Linking local admin account to Intune / AD

Copper Contributor

Hello, 

 

We are in the process of setting up Intune for our organisation and are working on designing the process for enrolling each user's device. Currently, each users' account is set up as a local admin account, and ideally we would find some way to link this to their AD account in intune. 

 

Does anyone know how to accomplish this? Simply enrolling the device via company portal doesn't connect the account it was enrolled from.

 

Thanks in advanced

8 Replies

Hi @Louis_H440,

To link a local admin account to an AD account in Intune, you can use the following steps:

  1. Create a new user account in Azure AD for the local admin account. The user account must have the same username and password as the local admin account.
  2. Enable Azure AD Connect to synchronize the new user account to your on-premises Active Directory.
  3. Once the user account has been synchronized, you can enroll the device in Intune using the company portal.
  4. When the device is enrolled, Intune will create a new user account on the device using the Azure AD user account.
  5. Intune will also add the Azure AD user account to the local administrators group on the device.

Once the device is enrolled and the user account is linked to the AD account, the user will be able to log in to the device using their Azure AD credentials and will have local administrator privileges on the device.

Here are some additional things to keep in mind:

  • You can also use the Microsoft Endpoint Manager Admin Center to link a local admin account to an AD account. To do this, go to Devices > All devices > [Device name] > Account. Under Local admin account, click Link to Azure AD account.
  • If you are using a hybrid Azure AD environment, you must make sure that Azure AD Connect is configured to synchronize user accounts from your on-premises Active Directory to Azure AD.
  • Once a user account is linked to an AD account, the user cannot log in to the device using a local admin account.

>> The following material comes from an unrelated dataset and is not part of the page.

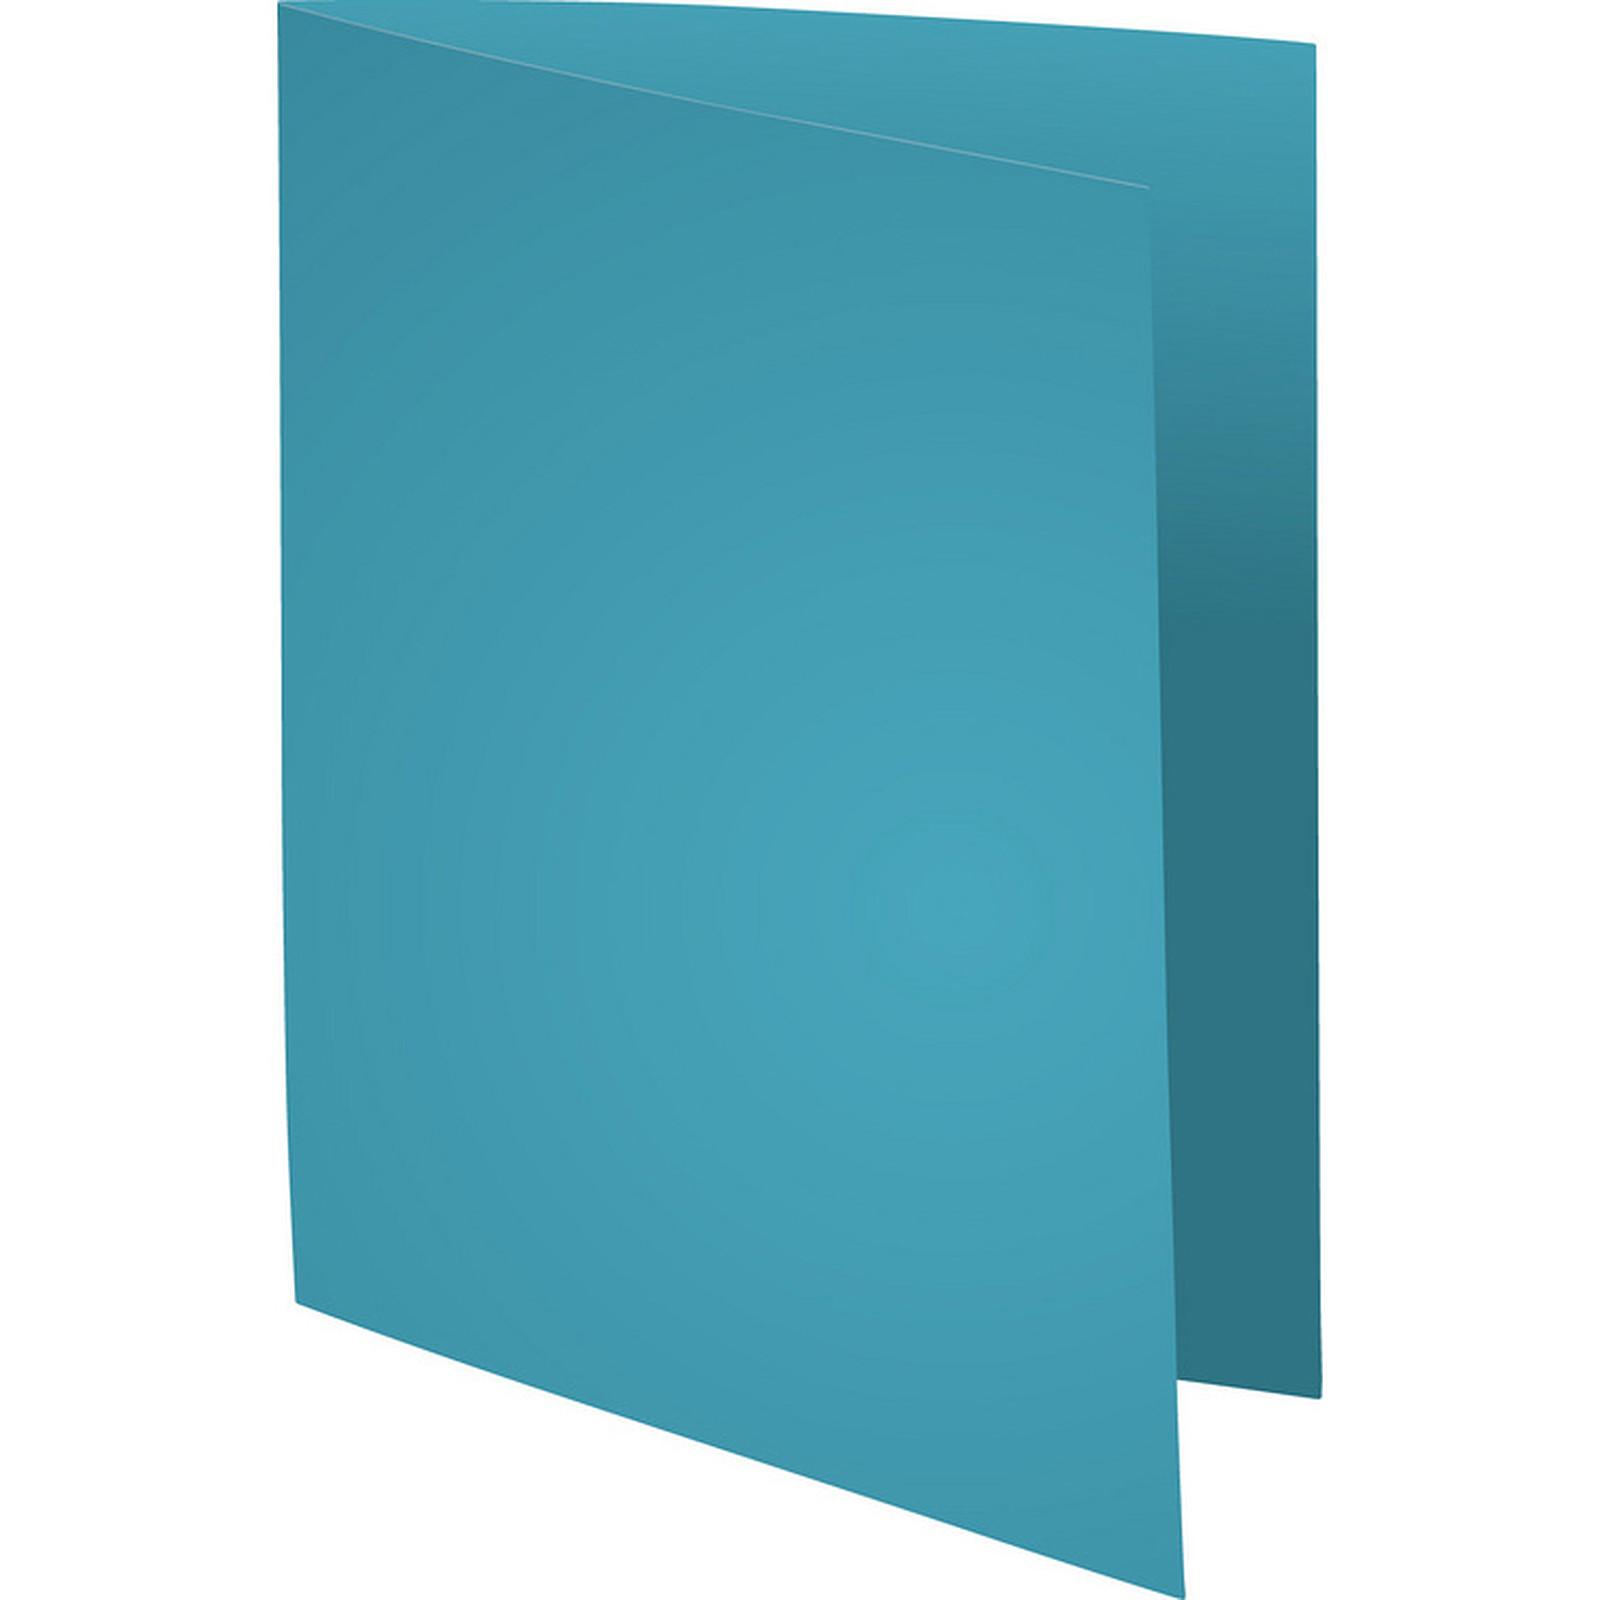 Exacompta Sous chemises Bengali 60g Bleu clair x 250

    Here are some useful links you can use:
  • Manage local administrators for Azure AD joined devices: https://learn.microsoft.com/en-us/azure/active-directory/devices/assign-local-admin
  • Link a local admin account to an Azure AD account in Intune: https://learn.microsoft.com/en-us/azure/active-directory/devices/assign-local-admin


    Please click Mark as Best Response & Like if my post helped you to solve your issue.
    This will help others to find the correct solution easily. It also closes the item.


    If the post was useful in other ways, please consider giving it Like.


    Kindest regards,


    Leon Pavesic

Thanks for the quick response, @LeonPavesic! I'll test the process and get back to you.

wait a sec.. "Enable Azure AD Connect to synchronize the new user account to your on-premises Active Directory." can AAD Connect sync a cloud-only user back to on-prem ?
so the process of Azure AD connect works only from on-premises to cloud. Whilst it is capable of things like password write back and device writeback, you cannot create users in Azure AD and sync them back to on-premises AD

Hi @Abdullah_Ollivierre and @Louis_H440,

@Abdullah_Ollivierre  you are right, there is no way to link an existing local admin account to an AD account in Intune without using a third-party solution, unless you have an on-premises Active Directory environment and you can use Azure AD Connect to synchronize the local admin account to Azure AD (on-prem to cloud)

If you do not have an on-premises Active Directory environment, or if you do not want to use Azure AD Connect, then you will need to use a third-party tool to link the local admin account to the AD account.

Please click Mark as Best Response & Like if my post helped you to solve your issue.
This will help others to find the correct solution easily. It also closes the item.


If the post was useful in other ways, please consider giving it Like.


Kindest regards,


Leon Pavesic

What is the rationale behind linking existing local admin account for enrolled device in the first place? Users should ideally not be given any admin privileges. If they need the elevation then consider using privilege management tools to do so.

@rahuljindal-MVP  Seems people are discussing several different scenarios in this thread. Our specific use case however is migrating from another MDM to Intune. When users' devices are deregistered from the old MDM their accounts are converted to local accounts on the machine.

 

As for a general reason you may want to allow users to have local admin accounts, small company with large proportion of developers who you want to allow some flexibility when it comes to the tools they use 

How are you migrating? As for the elevation of rights, there are multiple ways to address it. A couple of options that comes to my mind are Windows LAPS, EPM, Device admins based leveraging Entra ID roles + PIM, Account protection policies.